OTHER STRATEGIES FOR FIGHTING FEAR
The more kids' fear can be reduced, the less they will want guns and the more effective market-disruption strategies will be. Three ideas deserve particular mention. First, street drug markets and gang disputes create high levels of violence, disorder, and fear. Cities should explore QUAD-type operations to shut down drug markets, and work with kids and others close to the street to prevent gang violence. Police units like the Boston antigang violence squad and grass-roots groups like Clementine Barfield's Save Our Sons and Daughters in Detroit have had success preventing individual incidents from growing into vendettas. Second, criminal justice resources should be focused on taking repeat violent juvenile gun offenders off the streets. Third, some community policing departments are developing innovative means to identify and address fear. In one model operation in Baltimore County, officers defused a budding racial conflict by separating bus stops that brought warring groups of black and white kids into regular contact, then worked with both groups to prevent further trouble. More along these lines is possible.
No one of these measures is likely to make much of an impact. The power of market disruption and allied approaches would come from multiple attacks, and the interaction of multiple attacks, to the incentives and free functioning of the market. The mounting of the operation would itself be a deterrent; in many jurisdictions buying and selling in the youth black market is a largely risk-free enterprise, and a clever operation (including a community actively mobilized against guns) could hope to raise participants' sense of vulnerability considerably.

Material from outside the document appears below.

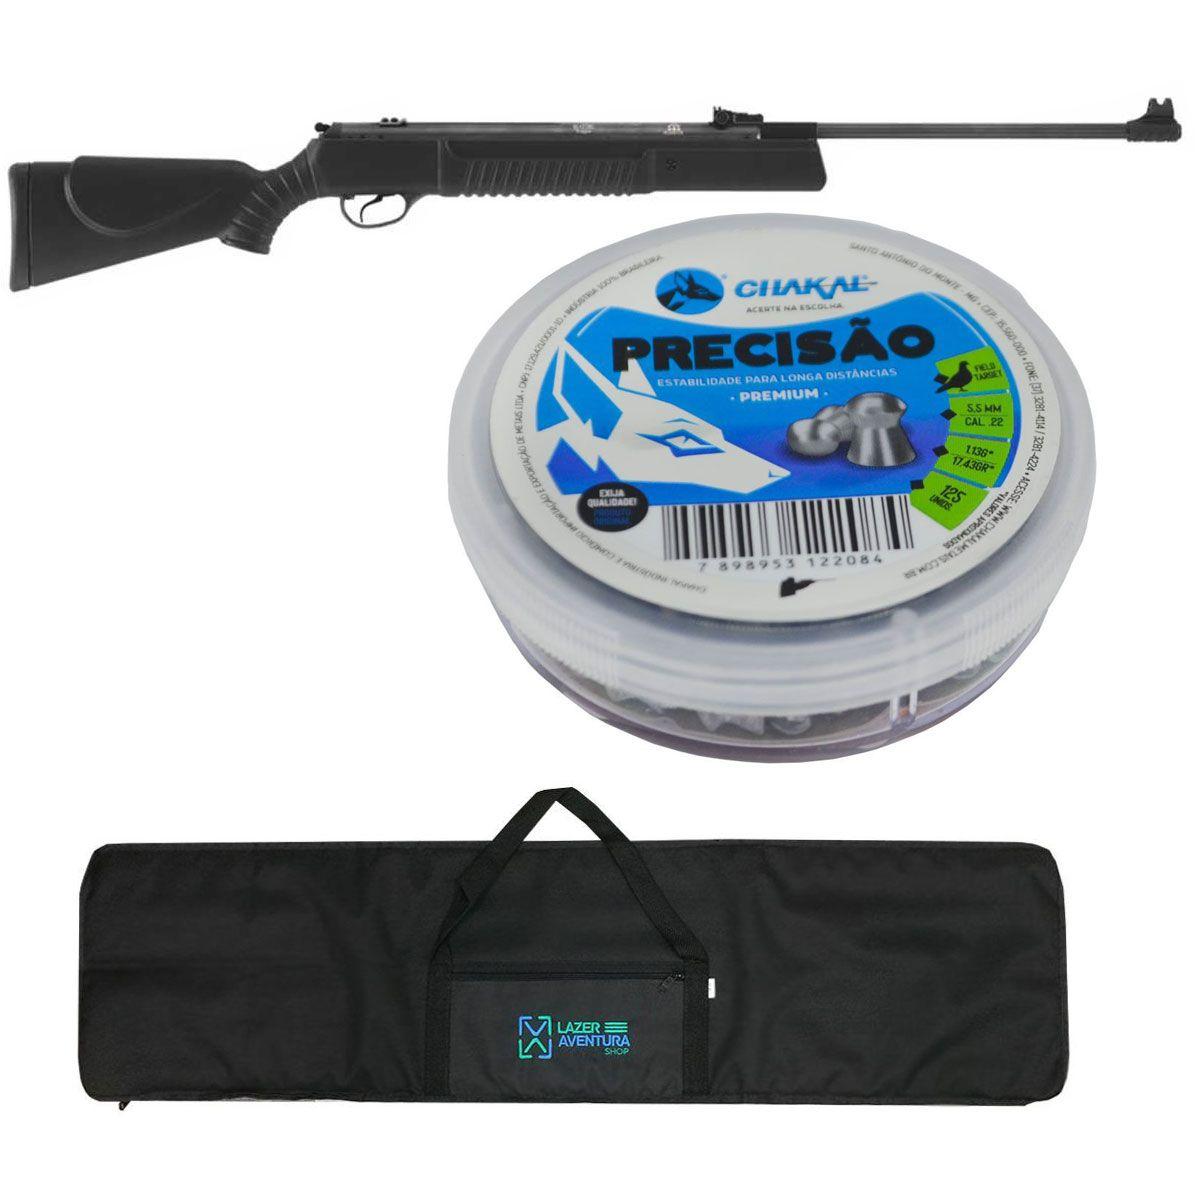 Kit Carabina 5,5mm + Chumbinho 5,5mm + Capa Lazer e Aventura
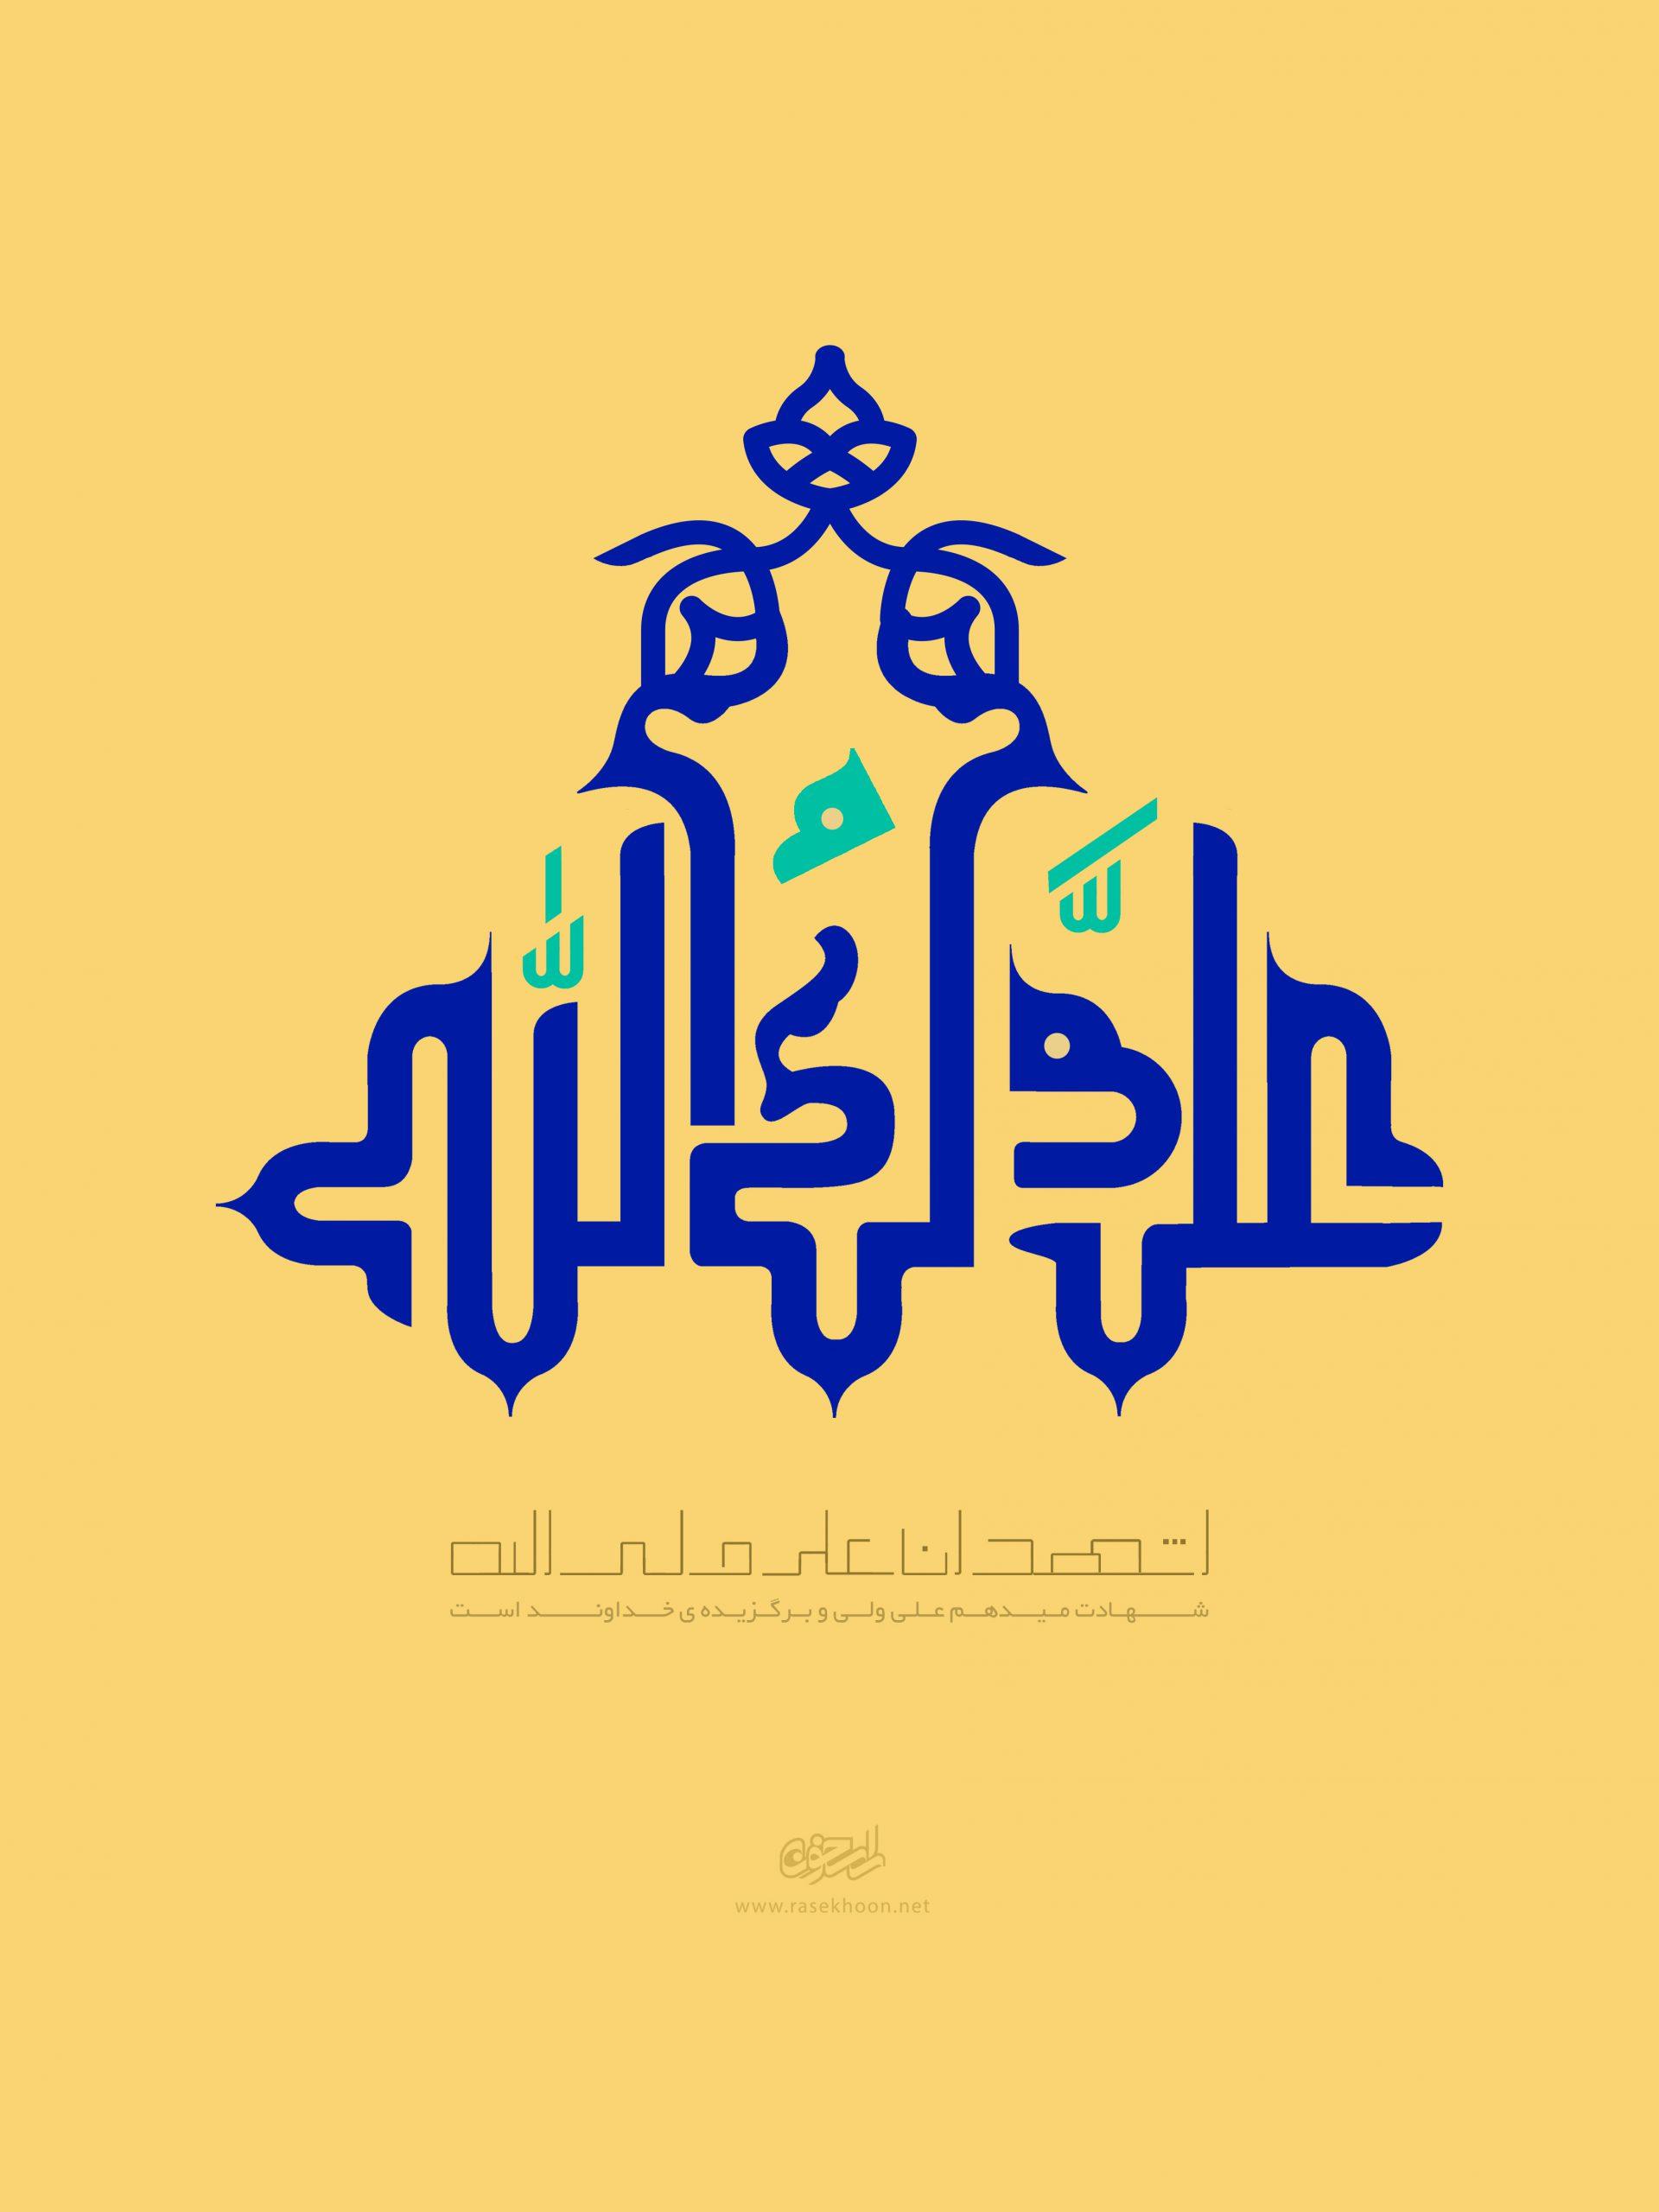 ۱۳رجب ولادت حضرت علی (ع) ویژه نامه ولادت امیرالمومنین علی (ع) poster11111111 scaled

It is too much to hope that any of this would end illegal dealing in guns. But an effective youth market strategy might serve to split the adult market off from the youth market, leaving illicit dealers still in the gun business but unwilling, or substantially less willing, to deal to kids. It might, along with other efforts to fight fear, arrest the spiraling juvenile arms race. Given the juvenile death toll, and the special contribution of armed kids to the disruption of troubled communities, that would be a success.